WHAT THE EXERCISE ASKS -
Please transcribe the listing below in full and word for word, without its pictures.

DATA BELOW -
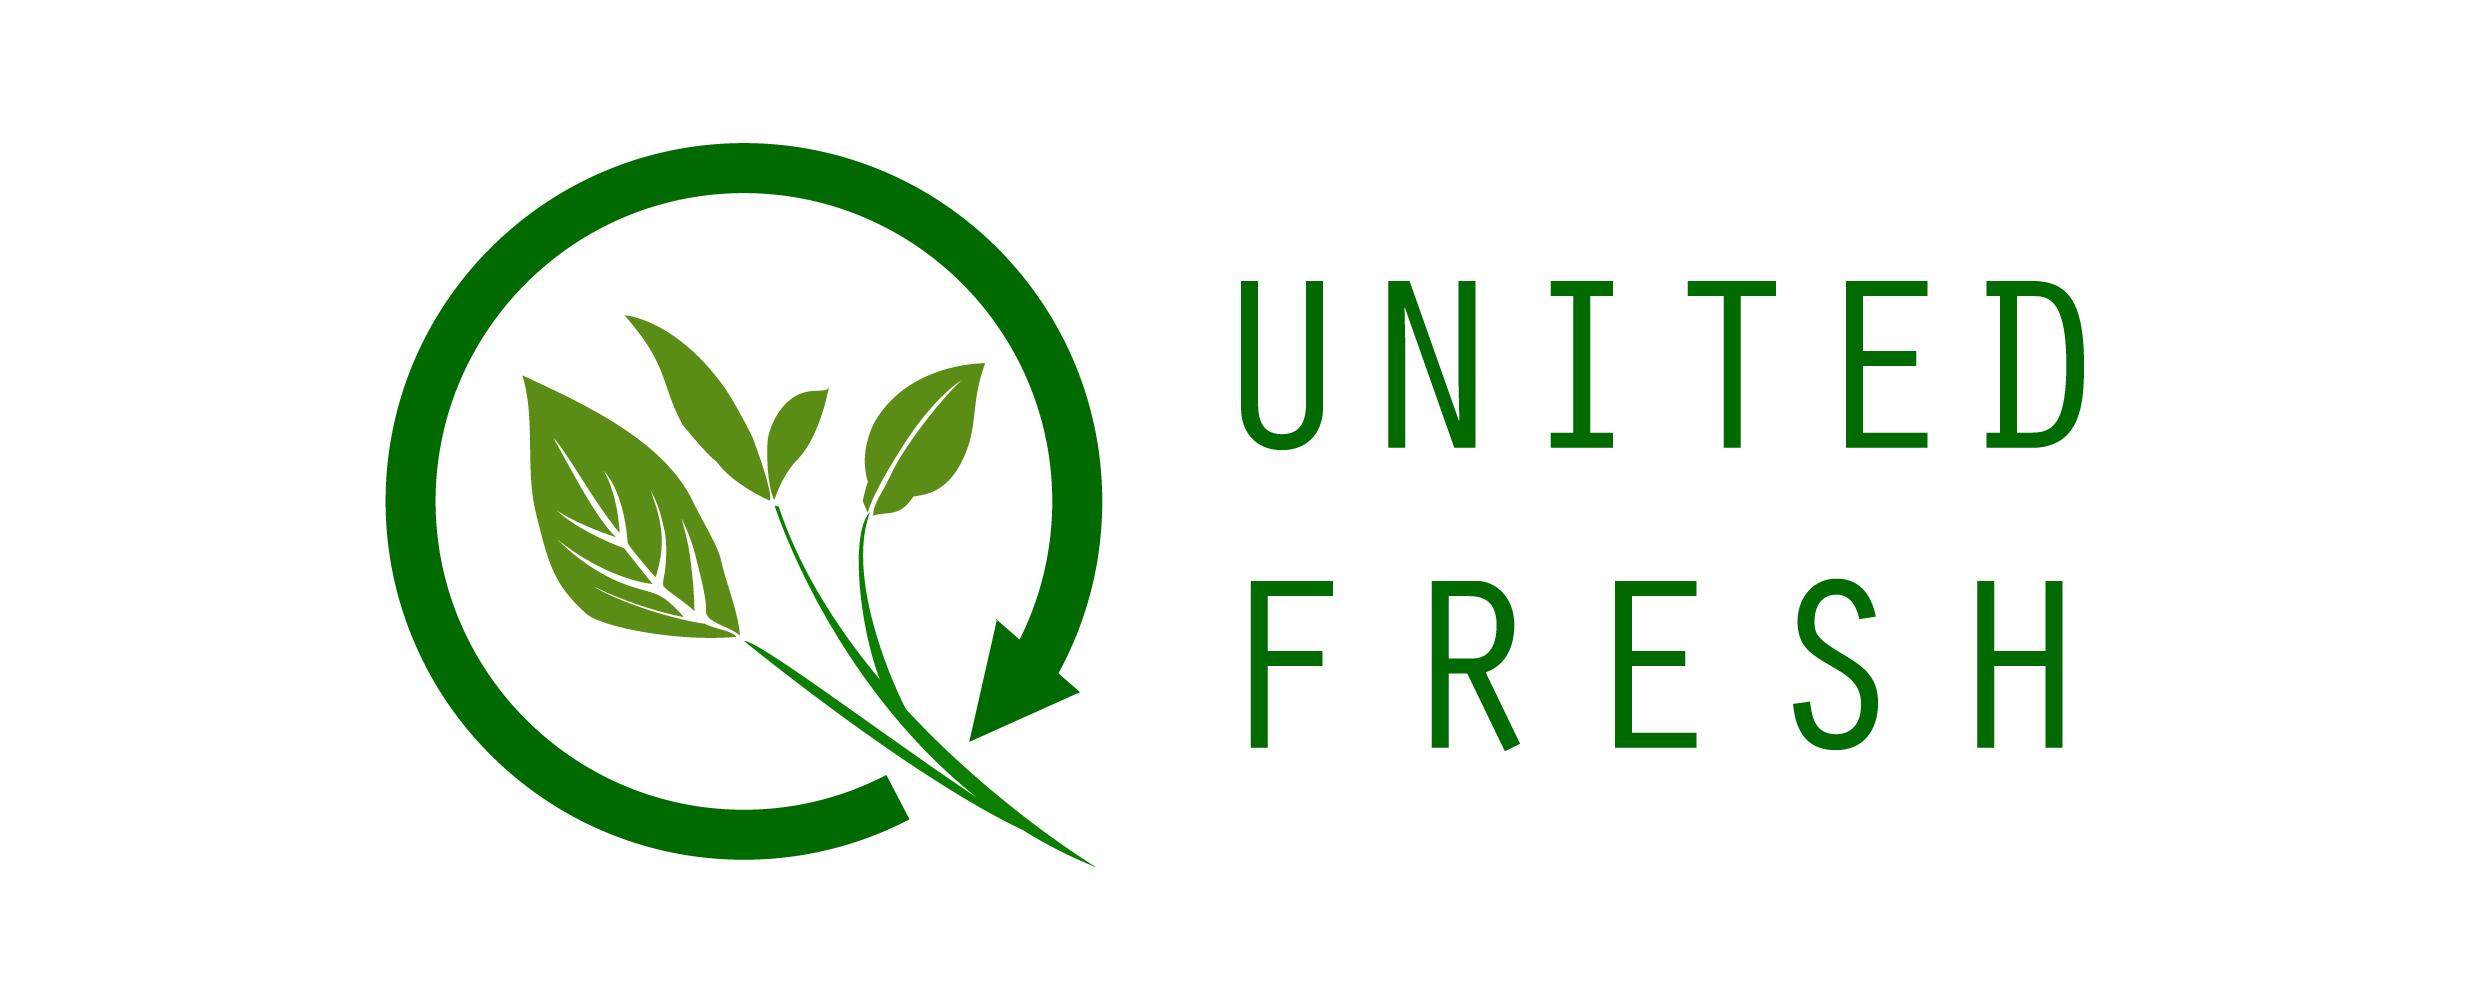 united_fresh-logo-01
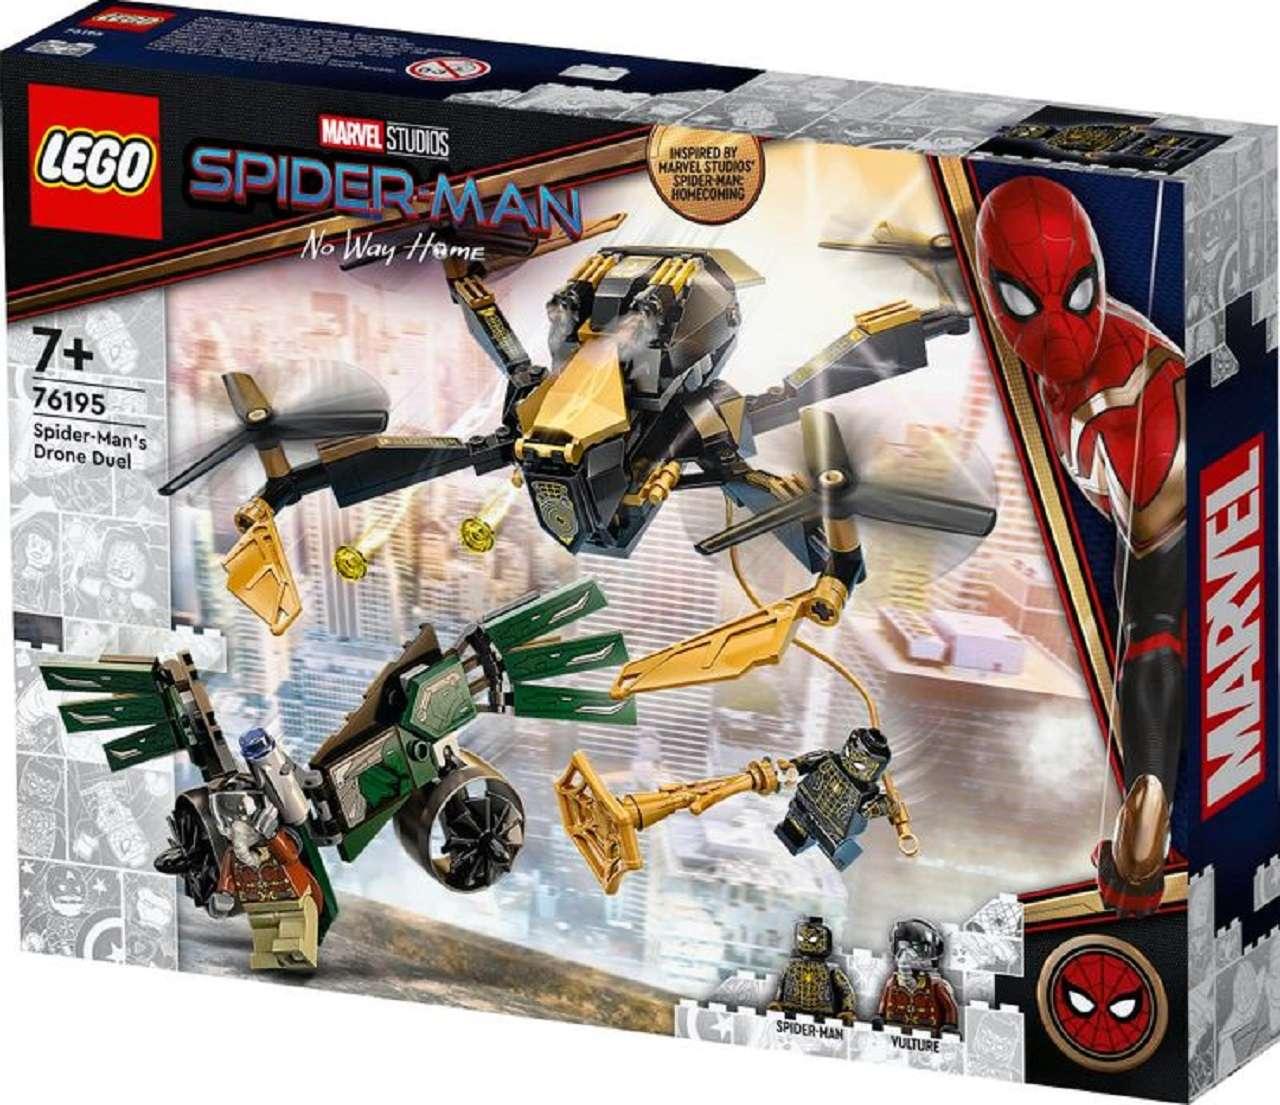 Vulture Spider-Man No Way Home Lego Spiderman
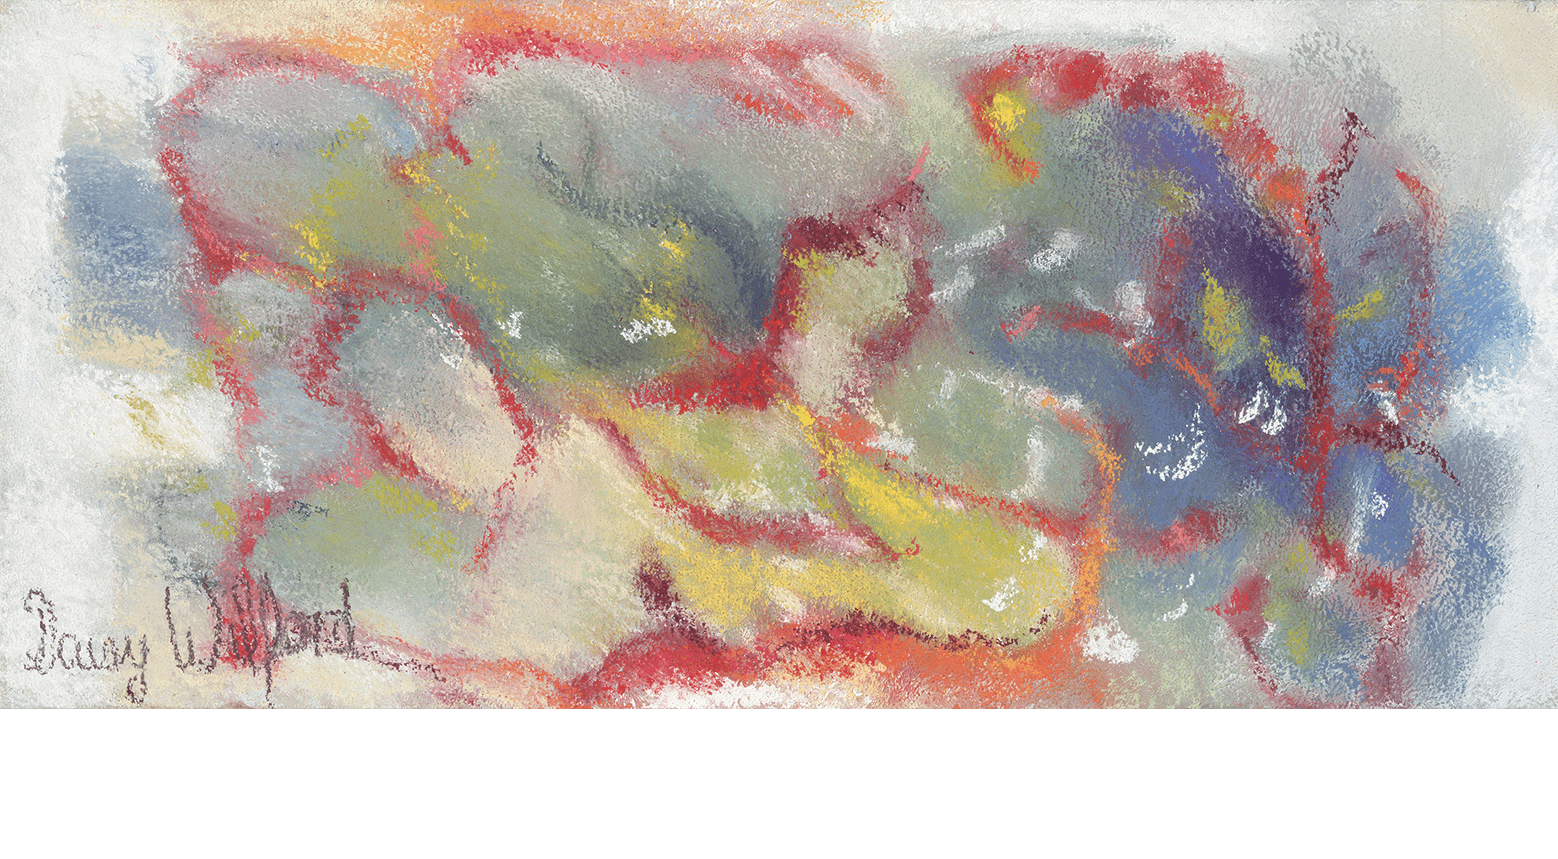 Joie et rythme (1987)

SOLUTION TO THIS EXERCISE -
 united_fresh-logo-01
 Vulture Spider-Man No Way Home Lego Spiderman
 Joie et rythme (1987)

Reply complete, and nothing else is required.